PROBLEM TO WORK ON:
An exact repetition of the data below, without images, is the expected answer.

SUPPLIED INFORMATION:

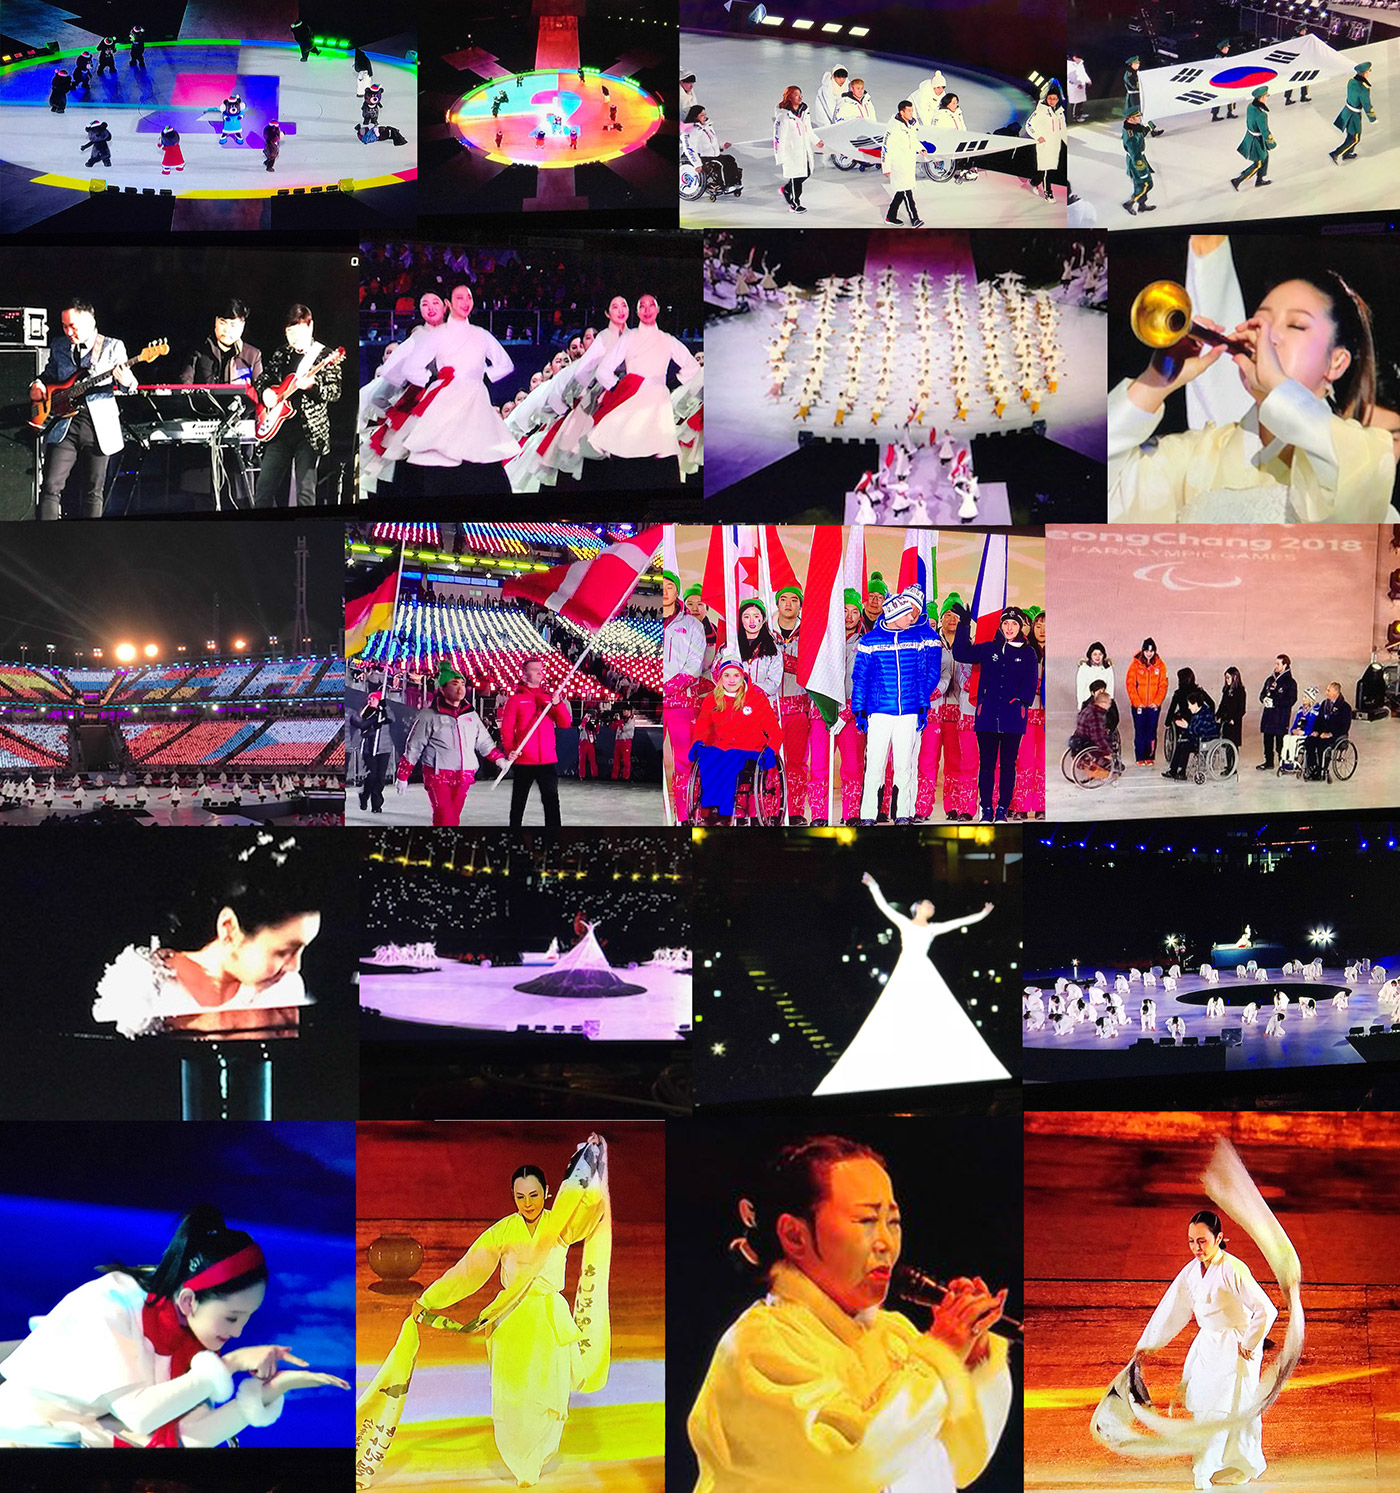 PyeongChang Paralympics 2018 Photo Montage 10 - Closing Ceremony
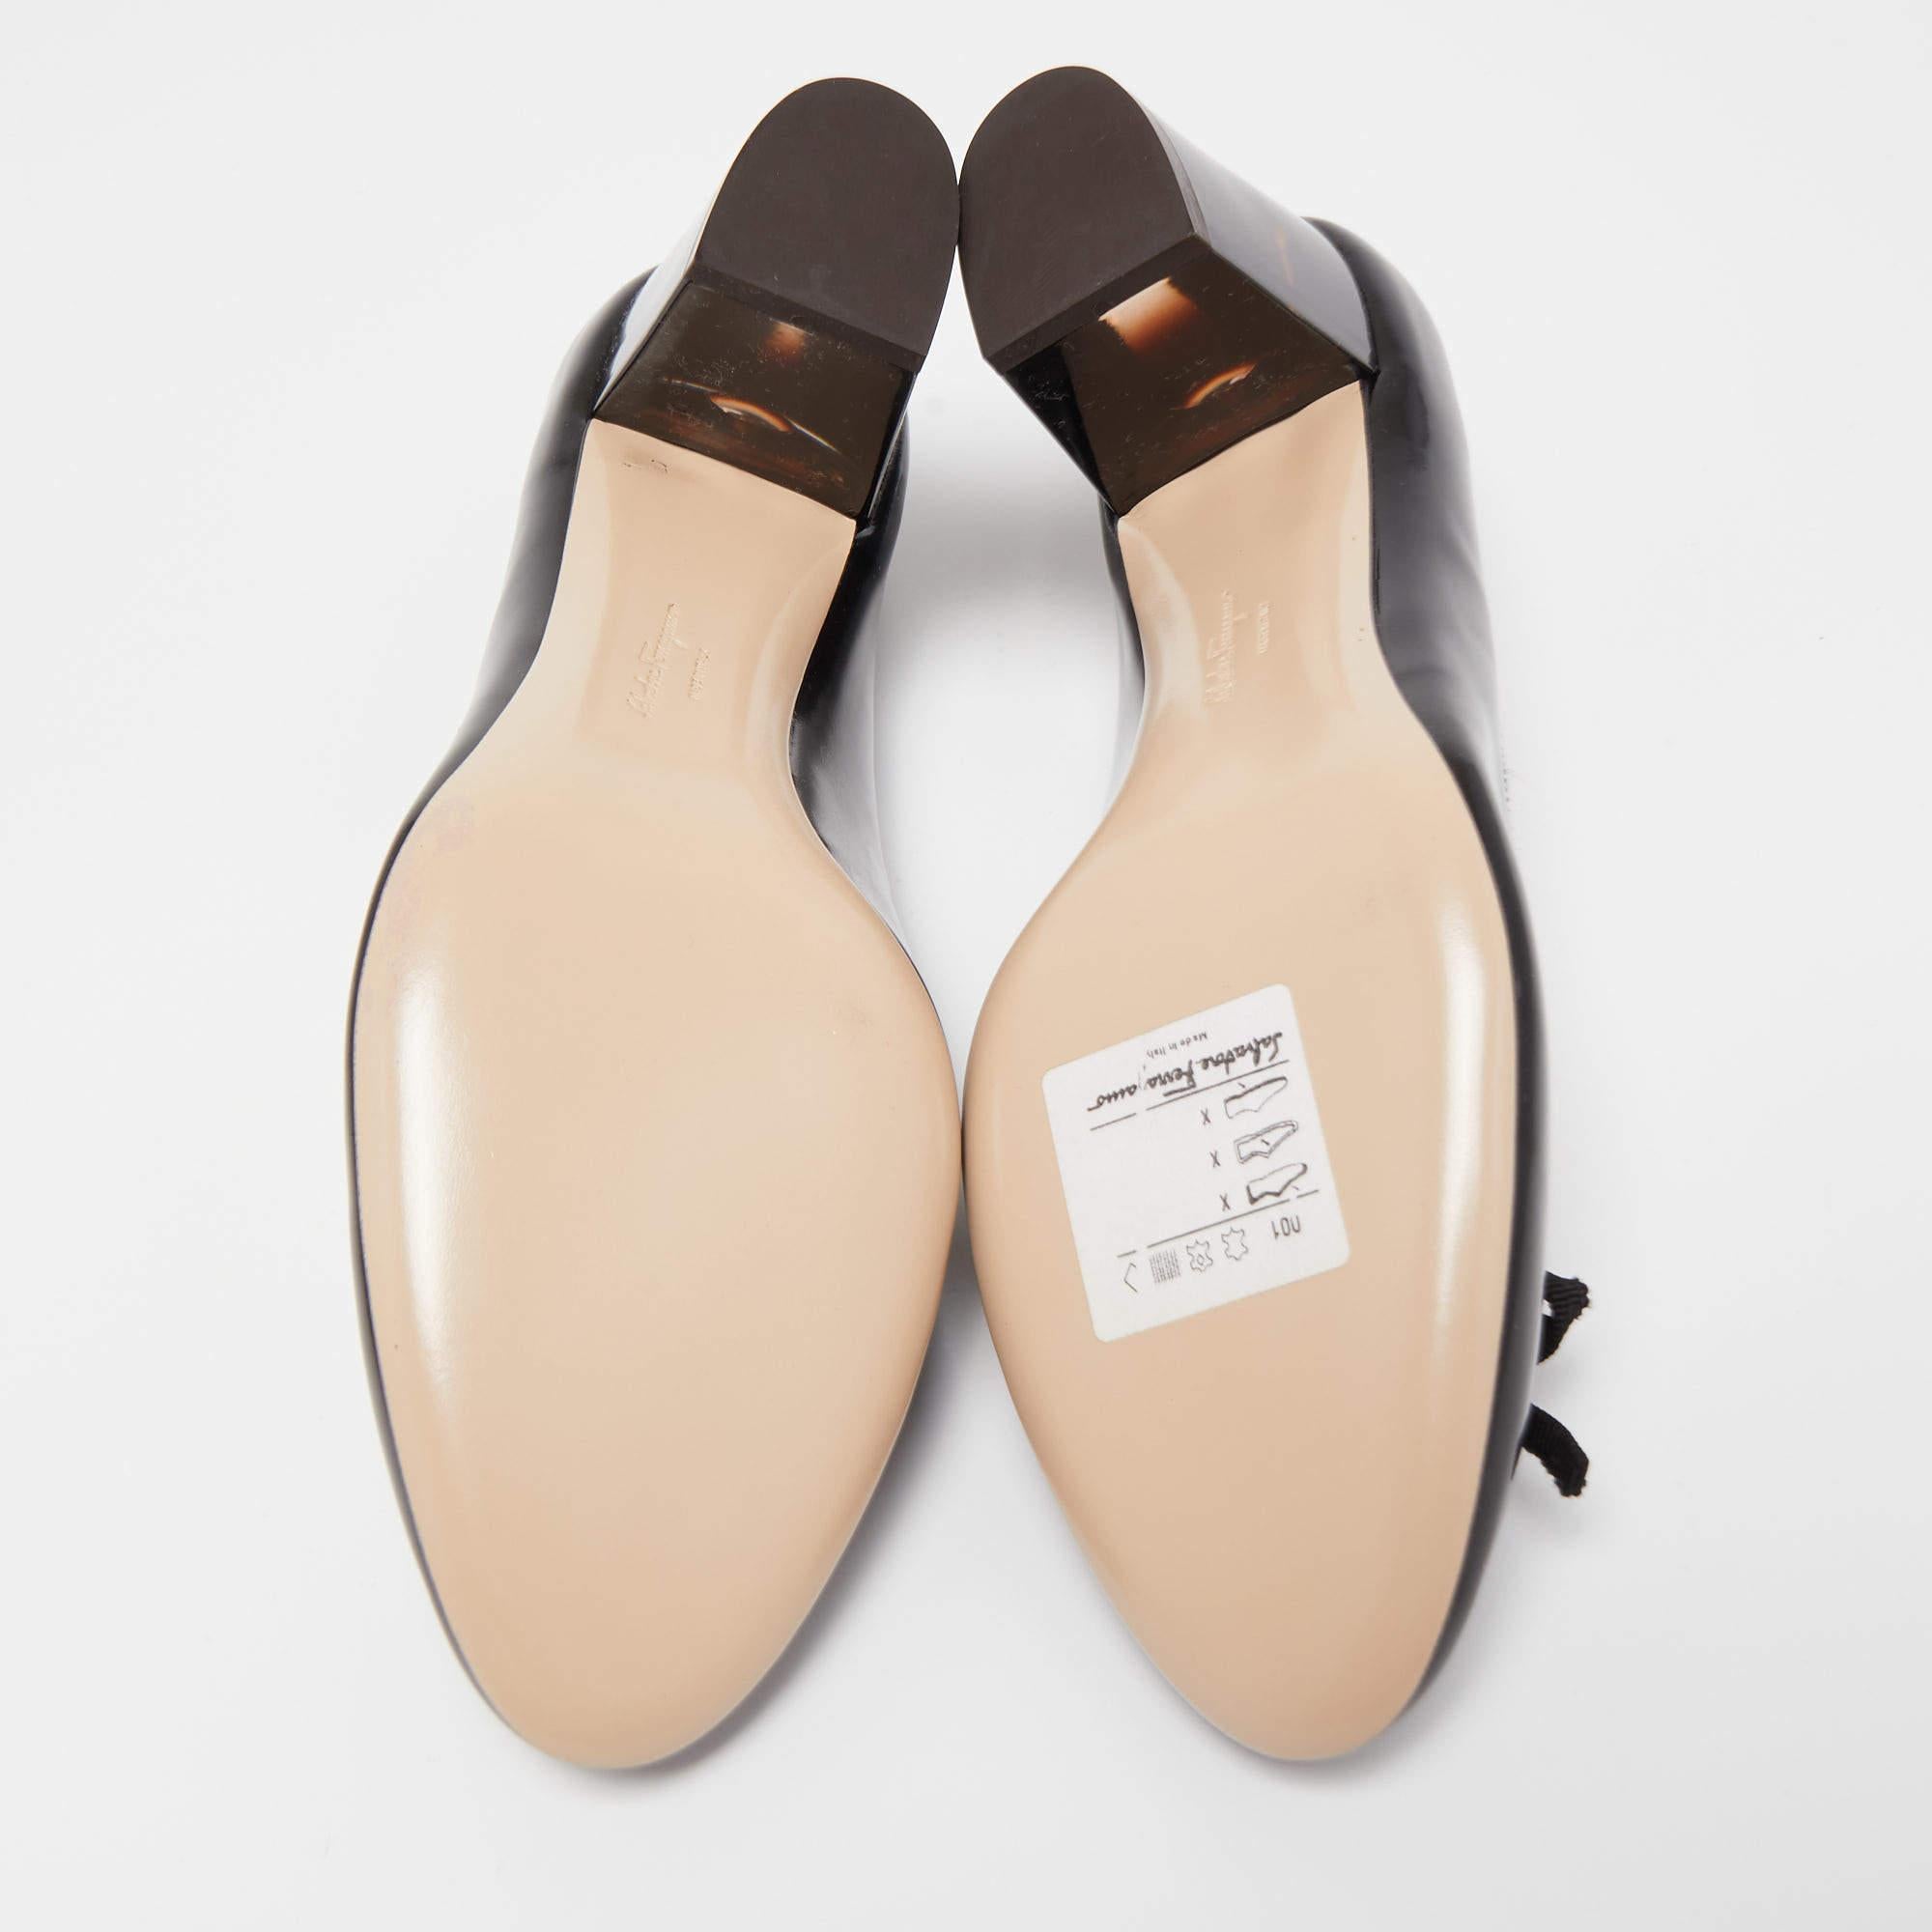 Salvatore Ferragamo Black Patent Leather Block Heel Pumps Size 41.5 1
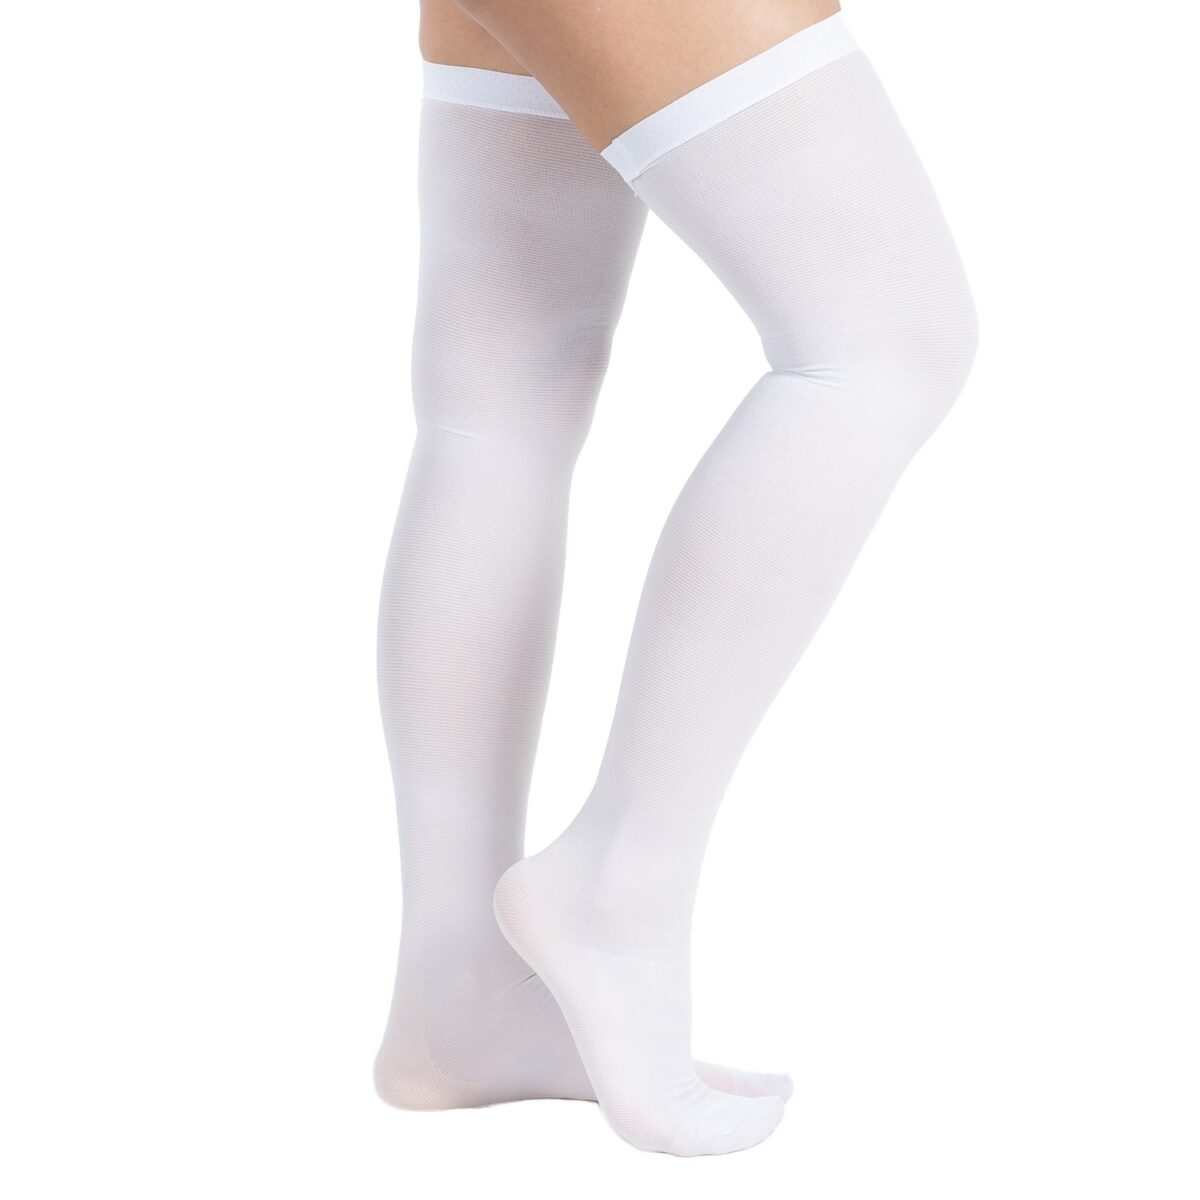 wingmed orthopedic equipments W1320 anti embolism stockings thigh high pair 19

RESPONSE BELOW:
 PyeongChang Paralympics 2018 Photo Montage 10 - Closing Ceremony
 Salvatore Ferragamo Black Patent Leather Block Heel Pumps Size 41.5 1
 wingmed orthopedic equipments W1320 anti embolism stockings thigh high pair 19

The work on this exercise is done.